我的這個親戚家是三口之家,有一個年過五十的嬸嬸,一個三十歲左右、戴著眼鏡、體弱多病的高個子表姐(她曾經出嫁過一次,後來又回到孃家來了。我也學著這個家裡其他人的樣子,叫她“阿姐”),和一個最近才從女子學校畢業,名叫雪子的表妹。她和姐姐大不相同,個頭很小,長著一張圓臉。樓下的店鋪裡,只陳列著少量的文具和運動用品。主要收入似乎來源於過世的主人留下的那五六排房屋的房租。

“我耳朵可疼呢。”竹一就那麼一直站著說話。

“可能是雨水灌進耳朵才發疼的吧。”

我一看,只見他的兩隻耳朵都害了嚴重的耳漏病,眼看著濃水就要流出耳朵外面了。

“這怎麼行呢?很疼吧?”我有些誇張地露出驚詫的神色,“大雨中把你拽出來,害你落得這個樣子,真是對不起你。”

我用那種近於女人腔的“溫柔”語調向他道歉,然後到樓下拿來棉花和酒精,讓竹一的頭枕在我的膝蓋上,體貼入微地給他清理耳朵。就連竹一好像也沒有察覺到這是一種偽善的詭計。

“你呀,肯定會被女人迷戀上的!”竹一頭枕著我的膝蓋,說了一句愚蠢的奉承話。

很多年以後我才知道,他的這句話就像是惡魔的預言一樣,其可怕程度是竹一也沒有意識到的。什麼“迷戀”、“被迷戀”這些措辭本身就是粗俗不堪而又戲弄人的說法,給人一種裝腔作勢的感覺。無論是多麼“嚴肅”的場合,只要讓這些詞語拋頭露面,憂鬱的伽藍就會頃刻間分崩離析,變得索然無味。但如果不是使用“被迷戀上的煩惱”之類的俗語,而是使用“被愛的不安”等文學術語,似乎就不至於破壞憂鬱的伽藍了。想來可真是奇妙無比。

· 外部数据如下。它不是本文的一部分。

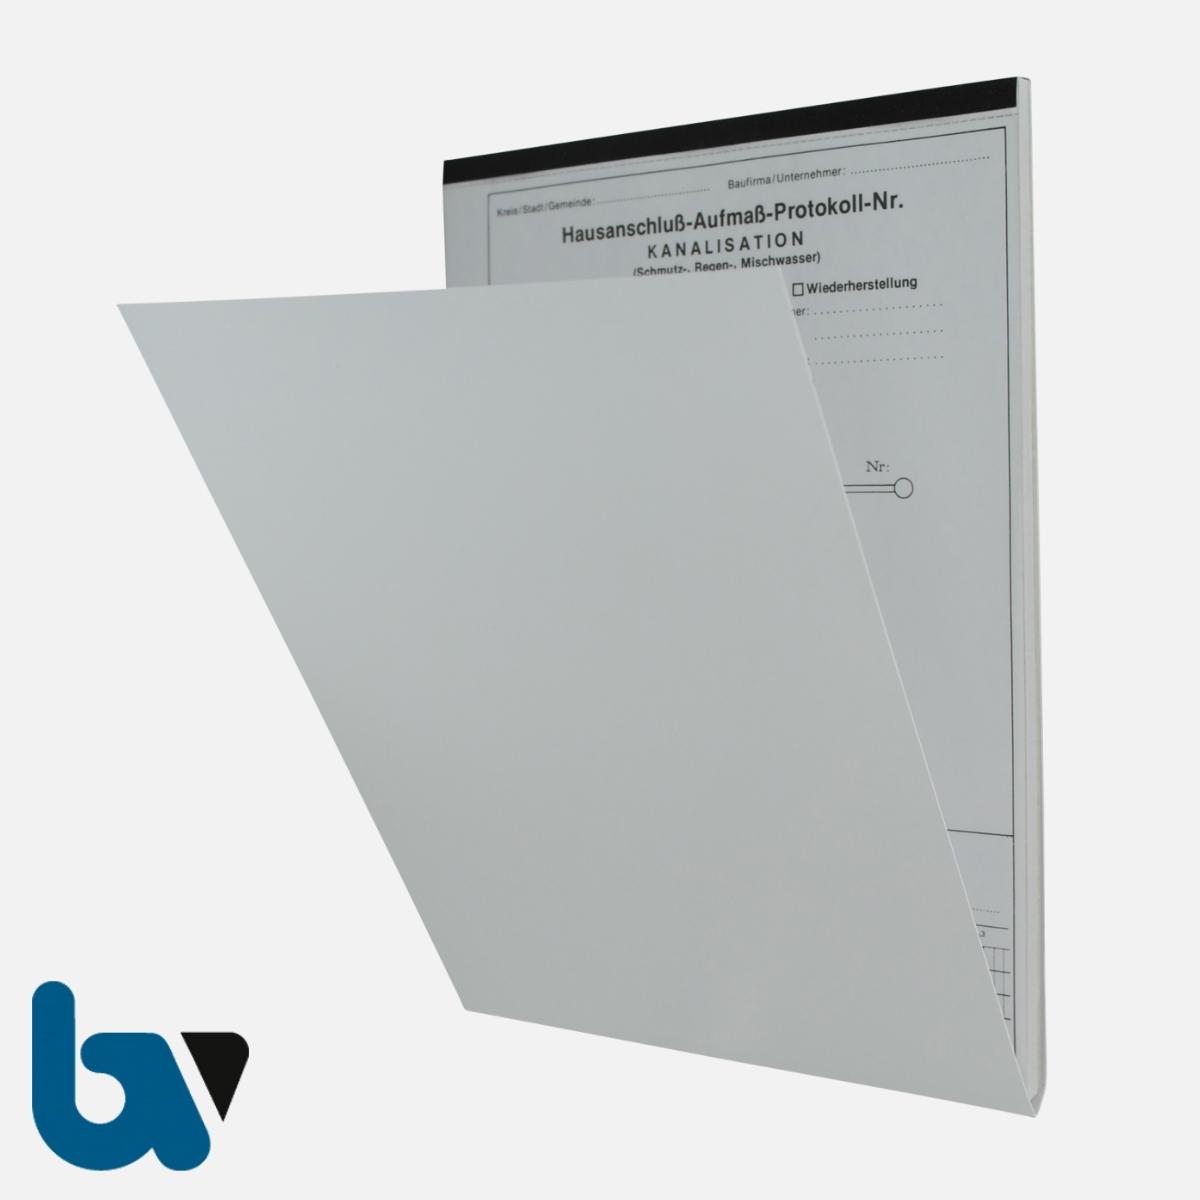 0/763-2 Aufmassprotokoll Hausanschluss Kanal Abwasser selbstdurchschreibend Einschlagdeckel Durchschreibeschutz Schreibschutzdeckel perforiert DIN A4 Vorderseite | Borgard Verlag GmbH

我給竹一揩耳朵裡的膿血時,他說了句“你呀,肯定會被女人迷戀上的!”奉承話,當時,我聽了之後,只是滿臉通紅地笑著,一句話也沒有回答,可實際上我私下裡也認為他的話不無道理。然而對於“被迷戀”這樣一種粗俗的說法所產生的裝腔作勢的氛圍,我竟然說他說的話不無道理,無異於愚昧地表述自己的感想,其糊塗程度遠遠超過相聲裡的傻少爺,事實上,我是絕對不會以那種戲謔的、裝腔作勢的心情來“認為他的話不無道理”的、

在我看來,人世間的女性不知比男性費解多少倍。在我們家,女性數量是男性的好多倍,親戚家也是女孩子居多。還有前面提到過的那些“犯罪”的女傭人。我想甚至可以說,我自幼是在女人堆中長大的。儘管如此,我卻一直是懷著如履薄冰的心情與女人打交道的。我對她們一無所知,如墜雲霧,不時遭受慘痛的失敗。這種失敗與從男性那兒受到的鞭笞截然不同,恍若內出血一般引人不快,其毒性攻心,難以治癒。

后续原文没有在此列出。